[Task statement]: Write all of the entries again. Keep them exactly as they are.
(Record extracts Opens)
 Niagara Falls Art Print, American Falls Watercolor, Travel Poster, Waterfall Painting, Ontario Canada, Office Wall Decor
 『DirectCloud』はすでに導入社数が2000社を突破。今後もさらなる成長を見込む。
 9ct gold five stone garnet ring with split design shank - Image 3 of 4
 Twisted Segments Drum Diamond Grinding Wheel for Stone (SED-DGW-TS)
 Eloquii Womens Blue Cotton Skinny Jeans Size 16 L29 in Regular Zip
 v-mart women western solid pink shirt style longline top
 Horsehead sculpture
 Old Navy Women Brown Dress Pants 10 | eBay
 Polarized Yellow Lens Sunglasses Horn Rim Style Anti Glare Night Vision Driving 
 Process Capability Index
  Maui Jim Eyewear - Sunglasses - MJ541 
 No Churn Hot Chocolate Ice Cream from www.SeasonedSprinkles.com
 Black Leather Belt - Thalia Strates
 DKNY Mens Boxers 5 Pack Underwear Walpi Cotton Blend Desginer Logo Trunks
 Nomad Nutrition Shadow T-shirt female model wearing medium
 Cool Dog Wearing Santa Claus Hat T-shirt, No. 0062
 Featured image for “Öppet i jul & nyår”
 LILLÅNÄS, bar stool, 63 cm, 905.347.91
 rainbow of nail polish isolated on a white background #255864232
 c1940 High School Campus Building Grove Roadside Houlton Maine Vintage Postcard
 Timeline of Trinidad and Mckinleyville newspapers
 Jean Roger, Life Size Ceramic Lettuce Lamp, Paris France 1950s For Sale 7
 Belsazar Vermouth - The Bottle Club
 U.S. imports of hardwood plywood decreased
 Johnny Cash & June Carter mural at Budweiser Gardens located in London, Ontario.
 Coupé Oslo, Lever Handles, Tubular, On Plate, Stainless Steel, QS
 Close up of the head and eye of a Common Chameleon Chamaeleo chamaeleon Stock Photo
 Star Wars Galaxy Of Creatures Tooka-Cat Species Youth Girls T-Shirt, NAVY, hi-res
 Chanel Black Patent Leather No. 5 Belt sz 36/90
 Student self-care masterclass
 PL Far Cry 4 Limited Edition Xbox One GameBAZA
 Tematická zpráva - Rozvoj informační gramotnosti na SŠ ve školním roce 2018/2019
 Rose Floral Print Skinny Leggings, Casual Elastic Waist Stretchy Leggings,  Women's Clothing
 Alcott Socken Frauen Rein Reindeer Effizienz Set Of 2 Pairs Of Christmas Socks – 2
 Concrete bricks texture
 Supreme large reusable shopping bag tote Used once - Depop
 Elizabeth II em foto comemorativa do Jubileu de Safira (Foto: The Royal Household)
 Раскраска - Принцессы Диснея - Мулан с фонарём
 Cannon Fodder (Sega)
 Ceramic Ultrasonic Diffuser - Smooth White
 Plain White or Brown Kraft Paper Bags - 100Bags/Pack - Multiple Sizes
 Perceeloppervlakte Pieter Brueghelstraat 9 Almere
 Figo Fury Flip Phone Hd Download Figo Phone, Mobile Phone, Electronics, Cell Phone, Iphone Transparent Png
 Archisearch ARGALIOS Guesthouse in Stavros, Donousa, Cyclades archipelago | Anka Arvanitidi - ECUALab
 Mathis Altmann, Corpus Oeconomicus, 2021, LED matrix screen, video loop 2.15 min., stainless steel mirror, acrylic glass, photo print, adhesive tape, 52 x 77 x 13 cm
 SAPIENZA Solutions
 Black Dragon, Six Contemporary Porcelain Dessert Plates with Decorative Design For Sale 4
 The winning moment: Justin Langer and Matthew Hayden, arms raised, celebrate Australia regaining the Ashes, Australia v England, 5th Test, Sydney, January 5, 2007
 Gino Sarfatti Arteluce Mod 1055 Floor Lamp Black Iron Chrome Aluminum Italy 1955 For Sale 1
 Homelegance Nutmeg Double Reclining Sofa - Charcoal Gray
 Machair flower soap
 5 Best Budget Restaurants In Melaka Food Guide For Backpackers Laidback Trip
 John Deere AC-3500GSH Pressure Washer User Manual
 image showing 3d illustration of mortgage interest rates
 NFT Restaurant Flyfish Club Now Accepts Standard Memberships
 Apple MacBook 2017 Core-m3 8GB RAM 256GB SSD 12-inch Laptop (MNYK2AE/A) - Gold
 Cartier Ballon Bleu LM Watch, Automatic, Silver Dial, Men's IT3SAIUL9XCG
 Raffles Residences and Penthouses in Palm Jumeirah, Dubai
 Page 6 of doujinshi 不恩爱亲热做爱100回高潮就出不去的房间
(Record extracts Closes)
[Answer box]:
 Niagara Falls Art Print, American Falls Watercolor, Travel Poster, Waterfall Painting, Ontario Canada, Office Wall Decor
 『DirectCloud』はすでに導入社数が2000社を突破。今後もさらなる成長を見込む。
 9ct gold five stone garnet ring with split design shank - Image 3 of 4
 Twisted Segments Drum Diamond Grinding Wheel for Stone (SED-DGW-TS)
 Eloquii Womens Blue Cotton Skinny Jeans Size 16 L29 in Regular Zip
 v-mart women western solid pink shirt style longline top
 Horsehead sculpture
 Old Navy Women Brown Dress Pants 10 | eBay
 Polarized Yellow Lens Sunglasses Horn Rim Style Anti Glare Night Vision Driving 
 Process Capability Index
  Maui Jim Eyewear - Sunglasses - MJ541 
 No Churn Hot Chocolate Ice Cream from www.SeasonedSprinkles.com
 Black Leather Belt - Thalia Strates
 DKNY Mens Boxers 5 Pack Underwear Walpi Cotton Blend Desginer Logo Trunks
 Nomad Nutrition Shadow T-shirt female model wearing medium
 Cool Dog Wearing Santa Claus Hat T-shirt, No. 0062
 Featured image for “Öppet i jul & nyår”
 LILLÅNÄS, bar stool, 63 cm, 905.347.91
 rainbow of nail polish isolated on a white background #255864232
 c1940 High School Campus Building Grove Roadside Houlton Maine Vintage Postcard
 Timeline of Trinidad and Mckinleyville newspapers
 Jean Roger, Life Size Ceramic Lettuce Lamp, Paris France 1950s For Sale 7
 Belsazar Vermouth - The Bottle Club
 U.S. imports of hardwood plywood decreased
 Johnny Cash & June Carter mural at Budweiser Gardens located in London, Ontario.
 Coupé Oslo, Lever Handles, Tubular, On Plate, Stainless Steel, QS
 Close up of the head and eye of a Common Chameleon Chamaeleo chamaeleon Stock Photo
 Star Wars Galaxy Of Creatures Tooka-Cat Species Youth Girls T-Shirt, NAVY, hi-res
 Chanel Black Patent Leather No. 5 Belt sz 36/90
 Student self-care masterclass
 PL Far Cry 4 Limited Edition Xbox One GameBAZA
 Tematická zpráva - Rozvoj informační gramotnosti na SŠ ve školním roce 2018/2019
 Rose Floral Print Skinny Leggings, Casual Elastic Waist Stretchy Leggings,  Women's Clothing
 Alcott Socken Frauen Rein Reindeer Effizienz Set Of 2 Pairs Of Christmas Socks – 2
 Concrete bricks texture
 Supreme large reusable shopping bag tote Used once - Depop
 Elizabeth II em foto comemorativa do Jubileu de Safira (Foto: The Royal Household)
 Раскраска - Принцессы Диснея - Мулан с фонарём
 Cannon Fodder (Sega)
 Ceramic Ultrasonic Diffuser - Smooth White
 Plain White or Brown Kraft Paper Bags - 100Bags/Pack - Multiple Sizes
 Perceeloppervlakte Pieter Brueghelstraat 9 Almere
 Figo Fury Flip Phone Hd Download Figo Phone, Mobile Phone, Electronics, Cell Phone, Iphone Transparent Png
 Archisearch ARGALIOS Guesthouse in Stavros, Donousa, Cyclades archipelago | Anka Arvanitidi - ECUALab
 Mathis Altmann, Corpus Oeconomicus, 2021, LED matrix screen, video loop 2.15 min., stainless steel mirror, acrylic glass, photo print, adhesive tape, 52 x 77 x 13 cm
 SAPIENZA Solutions
 Black Dragon, Six Contemporary Porcelain Dessert Plates with Decorative Design For Sale 4
 The winning moment: Justin Langer and Matthew Hayden, arms raised, celebrate Australia regaining the Ashes, Australia v England, 5th Test, Sydney, January 5, 2007
 Gino Sarfatti Arteluce Mod 1055 Floor Lamp Black Iron Chrome Aluminum Italy 1955 For Sale 1
 Homelegance Nutmeg Double Reclining Sofa - Charcoal Gray
 Machair flower soap
 5 Best Budget Restaurants In Melaka Food Guide For Backpackers Laidback Trip
 John Deere AC-3500GSH Pressure Washer User Manual
 image showing 3d illustration of mortgage interest rates
 NFT Restaurant Flyfish Club Now Accepts Standard Memberships
 Apple MacBook 2017 Core-m3 8GB RAM 256GB SSD 12-inch Laptop (MNYK2AE/A) - Gold
 Cartier Ballon Bleu LM Watch, Automatic, Silver Dial, Men's IT3SAIUL9XCG
 Raffles Residences and Penthouses in Palm Jumeirah, Dubai
 Page 6 of doujinshi 不恩爱亲热做爱100回高潮就出不去的房间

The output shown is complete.